:: What is being asked ::
An exact reproduction of the listing is wanted, with the pictures dropped.

:: Stored data ::
=== Section Start ===

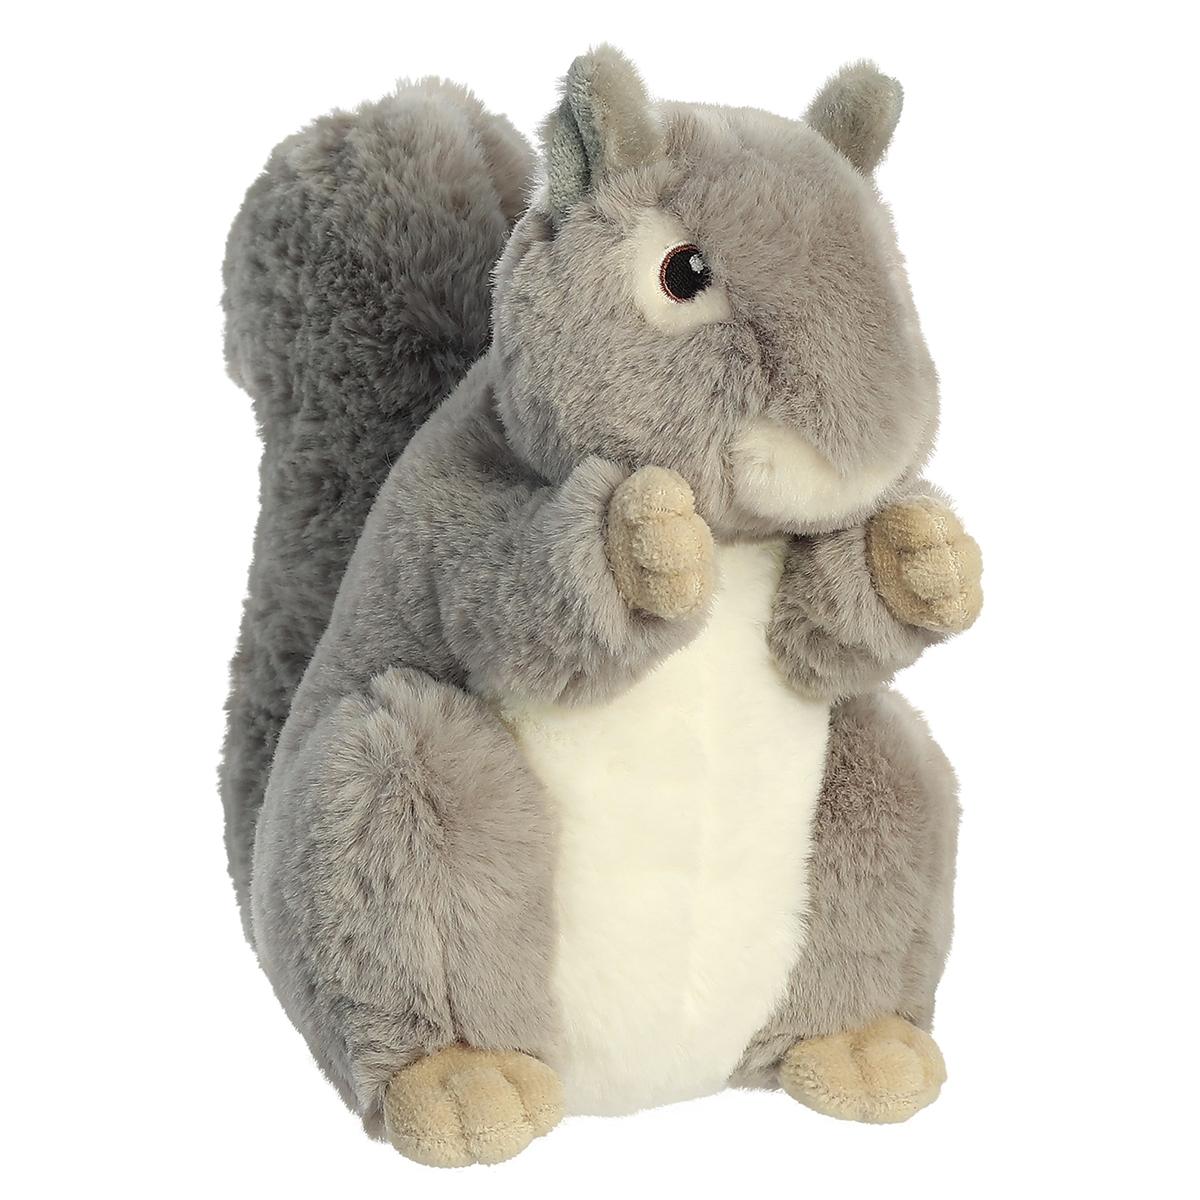 Squirrel Eco Plush
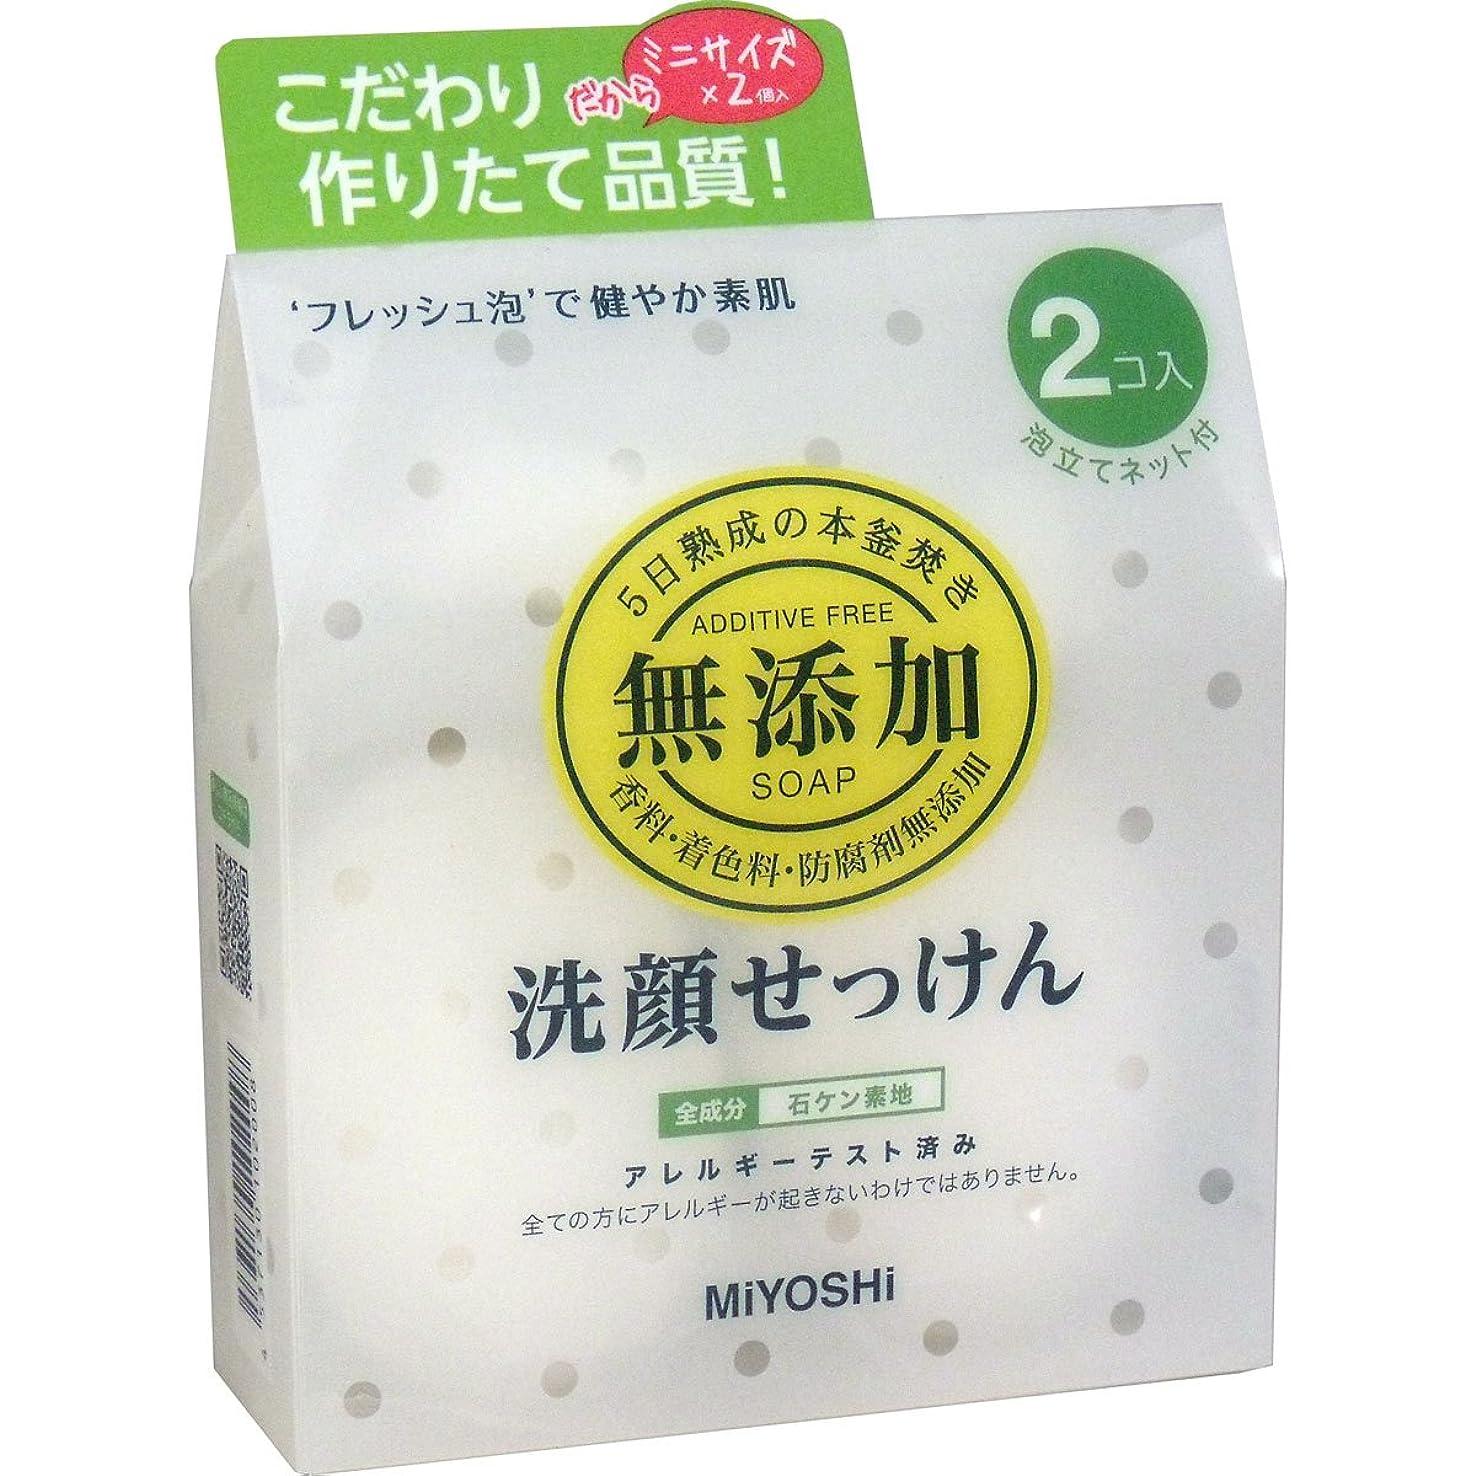 絞るたらい海外【ミヨシ石鹸】無添加 洗顔せっけん 40g×2コ入 ×20個セット
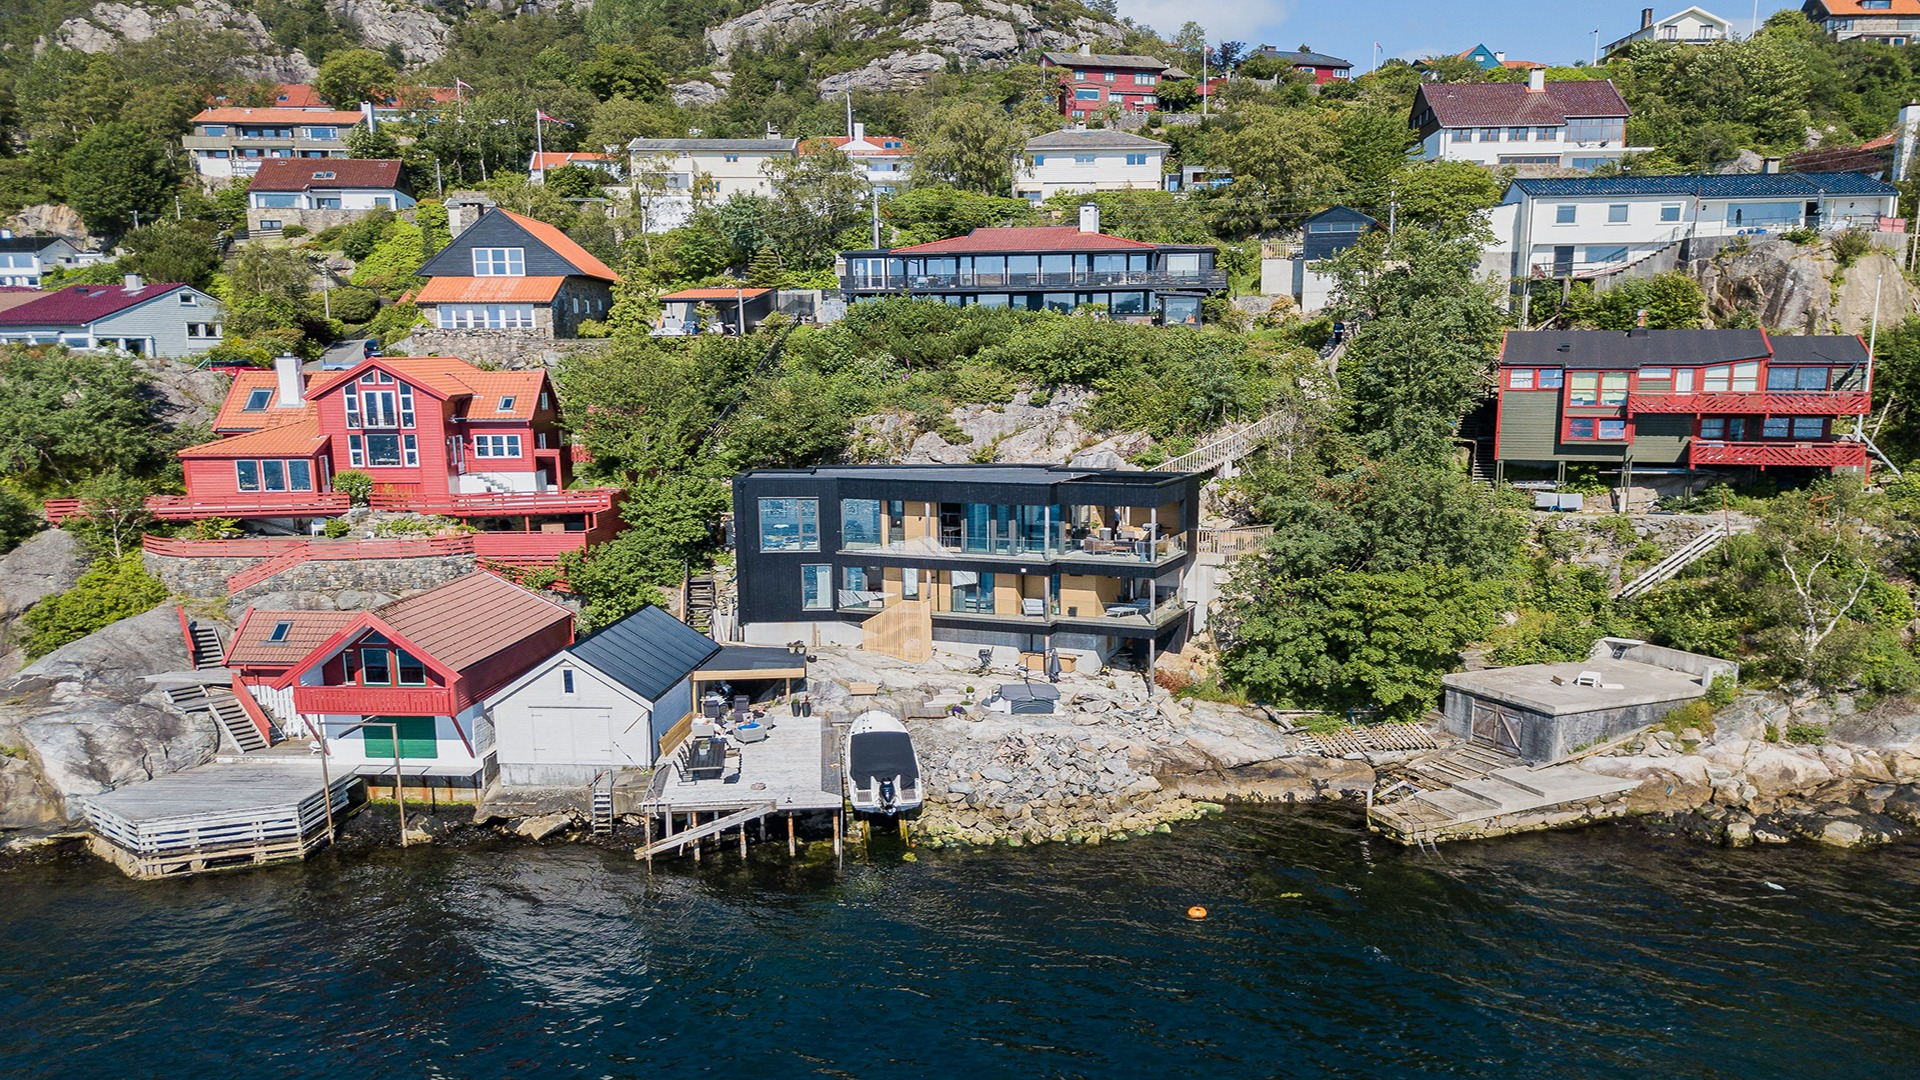 Bratt terreng ned mot sjøen og med eksisterende bebyggelse gjorde byggingen utfordrende
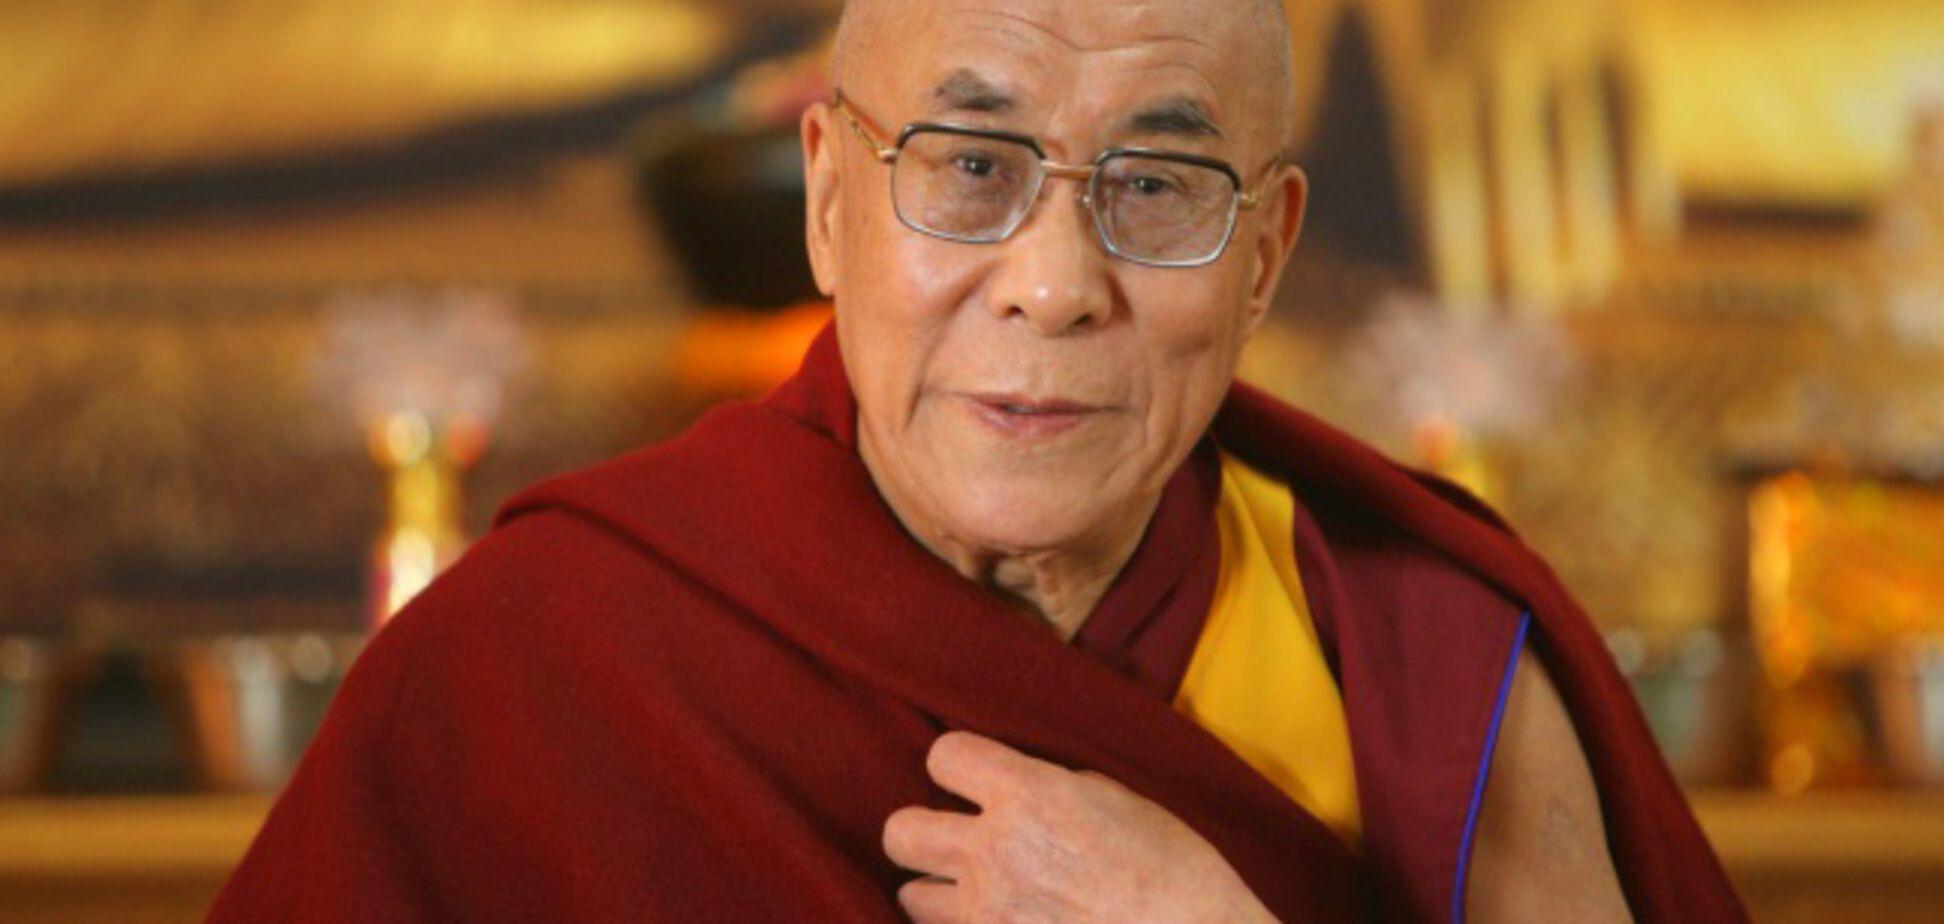 Загине все живе: Далай-лама розповів про Третю світову війну

=== Section End ===

:: Task result ::
 Squirrel Eco Plush
 絞るたらい海外【ミヨシ石鹸】無添加 洗顔せっけん 40g×2コ入 ×20個セット
 Bratt terreng ned mot sjøen og med eksisterende bebyggelse gjorde byggingen utfordrende
 Загине все живе: Далай-лама розповів про Третю світову війну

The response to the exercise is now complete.